17 April 2011

Pineau des Charentes

It tastes like home.

In preparing my departure, I realized with horror that we were lacking an essential ingredient: I had no Pineau des Charentes in the house with which to make a toast. Mercifully, there was still time to run down to the Nicolas shop (a national chain of liquor stores) to pick up a bottle. Whether it will turn out to be as good as my customary brand, which comes from the Château de Beaulon (located on the road between Bordeaux and Royan), remains to be seen. But as a disciple of Henri Boutrit, I could not observe a moment of such significance without raising a glass of the stuff.

Inside the distillery: Copper makes it taste better.
All photos from the Château de Beaulon website*


Henri was a passionate Charentais, sprinkling his conversation with vocabulary from the traditional patois and faithfully upholding the cuisine du terroir. It’s no surprise, then, that Pineau was one of the first of the local treasures he shared with me, the night we met, 20 years ago.

Charente-Maritime, souche d’Henri
The Château de Beaulon is in St Dizant du Gua, also in Charente-Maritime.
Map from Wikipedia

Pineau is a fortified wine, made by mixing fermented grape must with a more famous Charentais invention, Cognac. It comes in white or red, sometimes described as rosé though it’s really a dark purple, resembling the color of some port. (There’s a similarity in taste and in consistency, as well.) Generally one serves Pineau chilled, in small glasses, since it packs a wallop. Most people, including Henri, favor it as an apéritif, but connoisseurs recommend it as an accompaniment to certain dishes, including foie gras. I have sampled that particular combination and judge it to be so exquisitely pleasurable that I am confident that my Puritan ancestors disapprove completely.

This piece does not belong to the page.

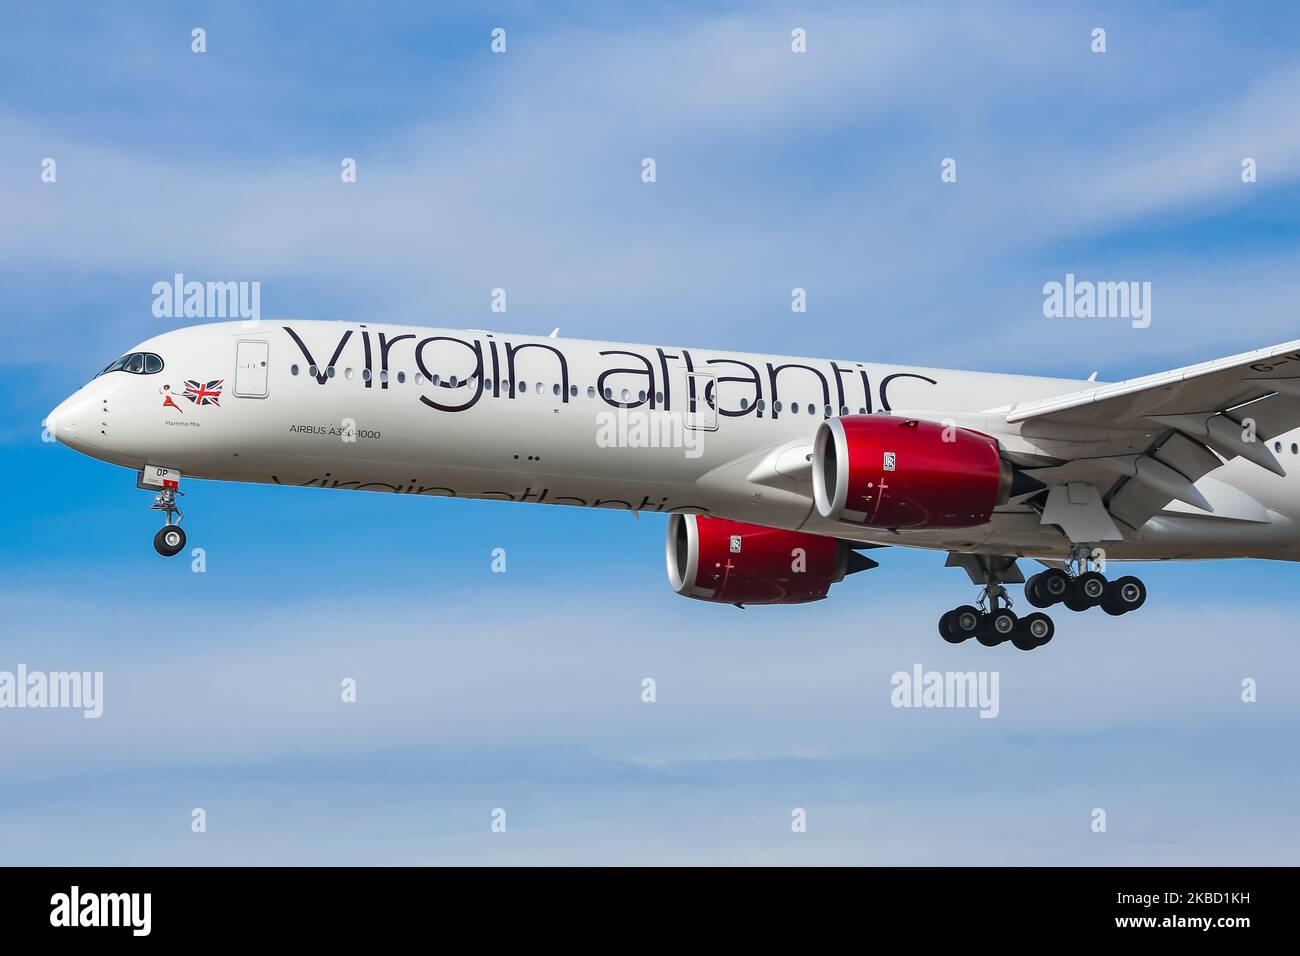 Virgin Atlantic Airways Airbus A350-1000 aircraft as seen on final approach arriving and landing at JFK John F. Kennedy International Airport in NYC, New York, USA. The airplane has the registration G-VPOP, the name Mamma Mia, 2x RR Jet engines. Virgin Atlantic Airways VS VIR is a British Airline Carrier connecting New York City to the London Gatwick, London Heathrow and Manchester UK. (Photo by Nicolas Economou/NurPhoto) Stock Photo
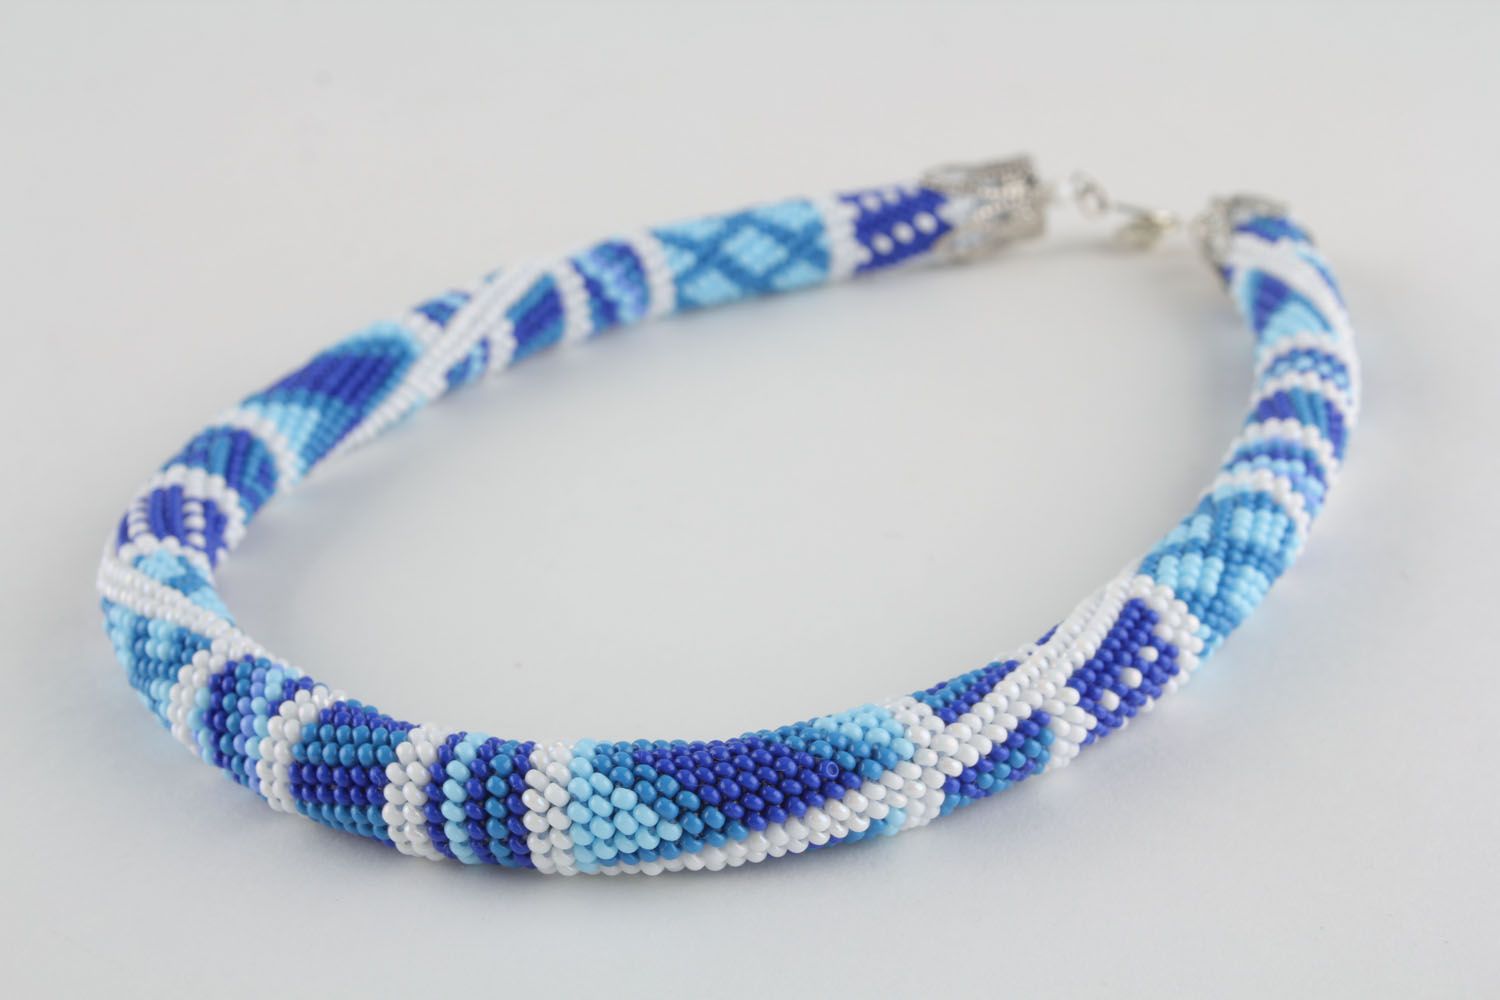 Woven cord necklace with geometric pattern photo 3

The Château de Beaulon dates back to the reign of Louis XI.

The best Pineau is that in which the alcohol in the Cognac slices through the sugar; sadly, however, most of the stuff that one finds in the States is quite sweet and syrupy, and the rouge, which I prefer, is extremely difficult to find. The Château Beaulon is among the best I’ve tasted so far, and their aged Pineau almost obscenely good. But one hears rumors of even better Pineau, and on a couple of occasions Bernard and I have gotten lost in Charentes, searching for another château that is evidently more secret and better guarded than most military installations in this country: we never have found the place, despite our persistent zeal in quests that somewhat resembled a Pineau version of the search for the “domaine perdu” in Alain Fournier’s Le Grand Meaulnes.

Un autre domaine perdu, retrouvé:
The park of the Château de Beaulon


This is what Pineau does to you, when you get hooked on the stuff. I say it again, there was no way I could leave France without tasting it one more time. And I’ll drink to France, to both Charentes, to every Boutrit and especially to Henri, my maître, who passed away five years ago this month, and who did so much to make my life here so much more special and more flavorsome.


*NOTE: Be advised that, by entering the Château de Beaulon website, you certify that you are old enough to drink Pineau. Click responsibly. The folks there also produce an excellent Cognac.